Чужой тогда в пейзаже
Шрифт:
Еще все видно потому, что на Линдином дворе из-за огорода нет кустов, а все огородное - невысокое. И ночью не подобраться - дом выходит на булыжный тракт и около него на столбе фонарь, и дядя Миша, собака, чуткий. Буян хотел фонарь расколотить, но сколько из темного места или днем, когда на улице никого не было, не кидался - промахивался, да и участковый уже спрашивал, ты чего в фонари кидаешься, малец. А хоть в дом и проберешься, чего там делать - сунул и беги, а то еще соседка шить придет.
Вот их свидания и происходят в чуланчике, верней, в приколоченной к дому, чтобы убирать флаги, дощатой узкой коробке. На праздники или в особые дни, о которых оповещает участковый, все вывешивают флаги, а Линда свои обшила желтой бахромой, и они у нее самые красивые, так что дядя Миша, увидав, как они реют, мотая оторочкой и шевеля серпом и молотом, вышитыми тоже Линдой, сразу сказал: "Гляди, упрут" и приколотил к бревнам глухой стенки неструганый пенал.
Пенал - на солнечной стороне и летом бывает раскален, так что флаги не гниют, а древка их горячеют.
Изготавливается Линда потому, что, когда Буян втиснется (Линда плечами и ростом проходит, а ему приходится потрудиться), сделать это из-за тесноты, духоты и увечной ноги станет невозможно. Иногда, когда он почему-то медлит, Линда от лишнего ожидания становится мокрая как в бане - из подмышек течет, с лица течет, по ногам течет, и тогда, отпустив древко, она вытирает флагом груди, потому что капает даже с сосков, а от грубых прикосновений крученой бахромы совсем не больно.
Втиснувшись, Буян хрипло выговаривает "здорово, корова!", а поскольку запыхался, сразу дотягивается через Линду до банки с салатом (знали бы эти взопревшие тела про народ, который якобы "потел, как хлебный квас на леднике"), выглатывает за ее спиной мутный солененький рассол и сразу хватает Линду за живот возле юбочного комка.
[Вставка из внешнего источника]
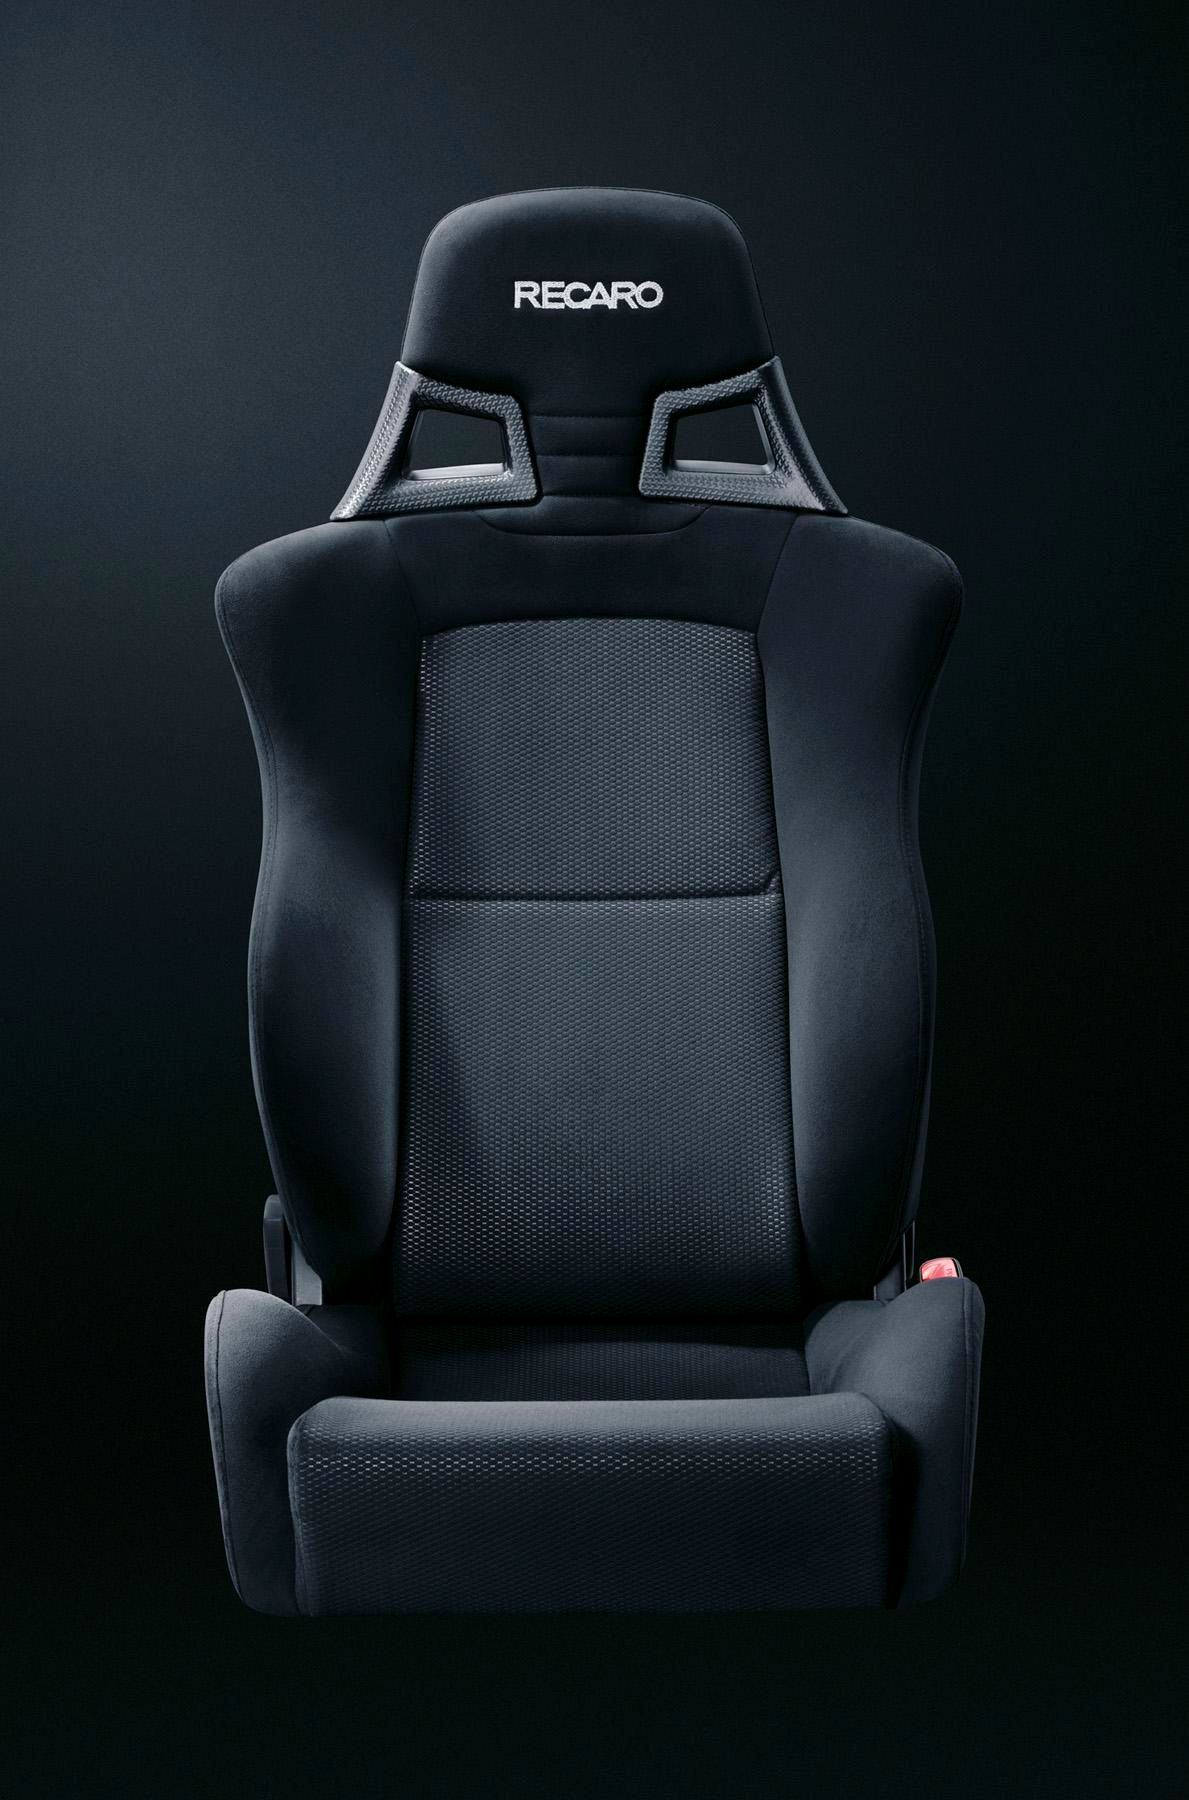 Lancer Evolution X RECARO Seat

Она дергается и живот поджимает, а потом от первых тычков его тела (он, подогнув коленки, прилаживается) старается не качнуться, а он уже лезет к ее потным грудям, для чего с живота рукой уходит, и она, ухваченная за грудь, сразу юбку отпускает. Буян же второй рукой тоже для ловкости хватается за древко, за которое держится Линда, и оба получаются, как мухинская Двоица, во блуде балансирующая на своем чурбачном пьедестале, и знаменосец Буян прыгающим голосом повторяет на полусогнутых "тину не буду, тину не буду, сама штефкай, сама..." Тиной называет он раскисшие в рассоле темные салатины. А в коробе и вправду пахнет чесночно-укропной тиной, и Буян, совсем уже хрипло частя "тину не буду!", убирает пятерню с Линдиной сиськи - ему теперь пора хвататься за другое древко, - срыгивает "сука... ы-ы-ы..." и отъединяется, и всё вообще продолжается несколько кроличьих мгновений, причем бывает, что как раз из недалекого двора раздается жуткий Райкин крик - это Райка сунула в ротик своему младенцу окровавленный сосок (о чем - впереди) и завопила от боли, а Линде, когда Буян, заглотнув рассолу из другой банки, выпрастывается наружу, кажется, что она теперь так бы стояла и стояла и даже сложилась бы, как складной ножик. И Линда снова утирается флагом и сволакивает замлевшую ногу с чурбака. По ногам ее теперь изнутри чего-то ползет, и, похоже, у нее самой в глотке все готово, чтоб заорать, и, совсем взмокшая - соленое из-под волос въедается в глаза, - Линда допивает баночные остатки и втягивает с влагой мокрую осклизлую тину, а та вкуса земли и чеснока, и ее хочется, не жуя, вбирать холодную и глотать, и еще, когда Линда отрывает от стеклянной банки губы, ей представляется, что, пока она, задохнувшаяся чесноком, обретает нужный воздух, тина свисает с губы и налипает на подбородок...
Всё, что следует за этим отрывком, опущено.